Я знал, о ком идёт речь. Профессор Добжанский, гениальный учёный, чьи разработки в области химии и биологии считались государственной тайной высшего уровня. Его лаборатория, спрятанная где-то в Подмосковье, была окружена слухами. Поговаривали, что он работает над чем-то, способным изменить ход истории, но никто из нас, даже я, не знал подробностей. Секретность была абсолютной. И всё же, судя по тону товарища Сталина (как я понял из слов Белова), Добжанский переступил черту. Майор Ковалёв прибыл через полчаса. Его лицо, обычно суровое, было ещё более мрачным, чем обычно. Он вошёл без стука, как всегда, и коротко доложил: «По вашему приказу, товарищ полковник». Белов жестом указал ему на стул. Я остался в углу, продолжая фиксировать всё в блокноте.— Ковалёв, — начал Аркадий Михайлович, — Добжанский.... Его эксперименты угрожают национальной безопасности. Так считает товарищ Сталин. Ваша задача — немедленно отправиться в его лабораторию. Возьмите с собой группу доверенных людей. Никто не должен знать о цели операции. Проверьте всё: оборудование, записи, образцы. Если Добжанский откажется сотрудничать… — он сделал паузу, — вы знаете, что делать. Ковалёв кивнул, не задавая вопросов. Он был человеком действия, и такие приказы для него не новость. Но я заметил, как его брови слегка дрогнули — даже он понимал, что дело серьёзное.— И ещё, — добавил Белов, понизив голос. — Если найдёте что-то… необычное, немедленно доложите мне лично. Никаких рапортов через обычные каналы. Это дело государственной важности. Ковалёв козырнул и вышел. Полковник повернулся ко мне:— Иван Петрович, подготовьте шифрованное сообщение для наших людей в Ленинграде. Пусть проверят все контакты Добжанского за последние три месяца. Имена, даты, места. Всё. И… — он замялся, что было для него необычно, — держите ухо востро. Если слухи о его экспериментах просочатся, мы все окажемся под ударом. Я кивнул, чувствуя, как холод пробирает до костей.
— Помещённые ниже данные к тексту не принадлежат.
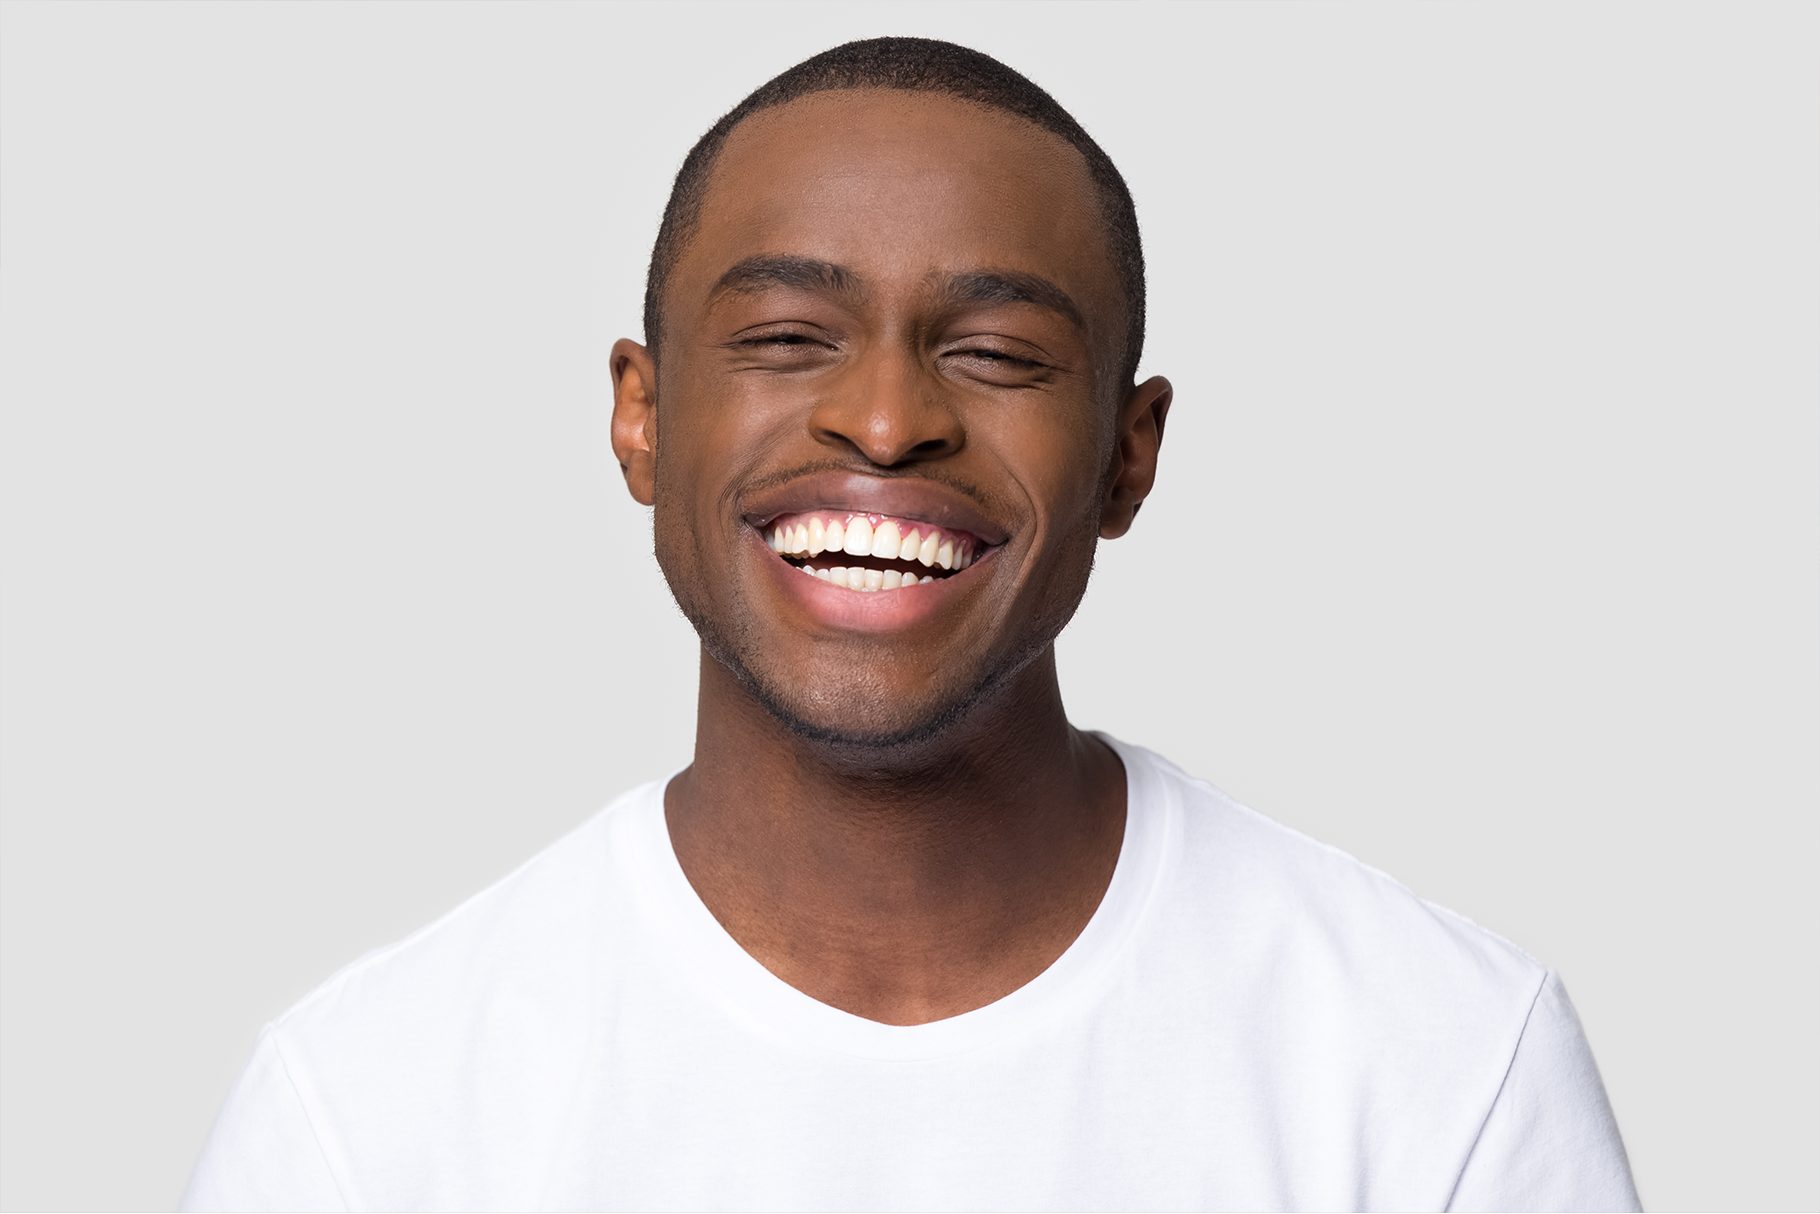 Smile 101® – How To Care For Your Teeth

Что такого мог натворить Добжанский, чтобы сам товарищ Сталин звонил ночью? Какие эксперименты могли поставить под угрозу всю страну? Ответов у меня нет, но я знаю одно: эта ночь — лишь начало. И что-то подсказывает мне, что впереди нас ждут события, которые изменят всё.
17 июня 1937 года,
Утро началось с тревожных новостей, которые подтвердили мои худшие опасения. Я, Иван Петрович Соколов, продолжаю вести записи о действиях полковника Аркадия Михайловича Белова, генерального комиссара по государственной безопасности. Сегодняшние события лишь усилили ощущение, что мы стоим на пороге чего-то необратимого.В 6:12 утра в кабинет Белова ворвался майор Ковалёв, вернувшийся из лаборатории Добжанского. Его форма была покрыта дорожной пылью, а лицо выражало смесь гнева и растерянности — редкое сочетание для человека, которого я привык видеть непроницаемым. Он доложил, что лаборатория пуста. Добжанский исчез. Всё оборудование, записи, пробирки с неизвестными веществами — всё пропало. На месте остались лишь следы поспешного бегства: перевёрнутые столы, разбитые колбы и несколько сожжённых документов, которые Ковалёву удалось частично восстановить.Аркадий Михайлович выслушал доклад молча, лишь пальцы его правой руки слегка постукивали по столу — верный признак, что он сдерживает ярость. Когда Ковалёв закончил, Белов коротко приказал: «Останьтесь». Затем повернулся ко мне:— Иван Петрович, вызовите подполковника Белецкого. Срочно. И подготовьте линию для связи с Кремлём. Я немедленно связался с комендатурой и передал приказ о вызове Юрия Афанасьевича Белецкого, одного из самых опытных оперативников НКВД, Пока я занимался этим, Белов изучал обугленные обрывки бумаг, которые принёс Ковалёв. Я мельком заметил несколько слов: «инъекции», «эмоциональная ампутация», «солдат без страха». Эти слова, вырванные из контекста, вызвали у меня озноб. Что за дьявольские эксперименты проводил Добжанский?Ковалёв, стоя у стола, добавил:— Товарищ полковник, есть данные, что Добжанский бежал на запад. Возможно, в Польшу. Оттуда он может попытаться попасть в Америку. Его контакты в Ленинграде подтверждают, что он вёл переписку с иностранцами. Белов кивнул, не отрывая глаз от документов.— Америка, — пробормотал он. — Этот безумец хочет продать свои дьявольские опыты за океан. Белецкий прибыл через час.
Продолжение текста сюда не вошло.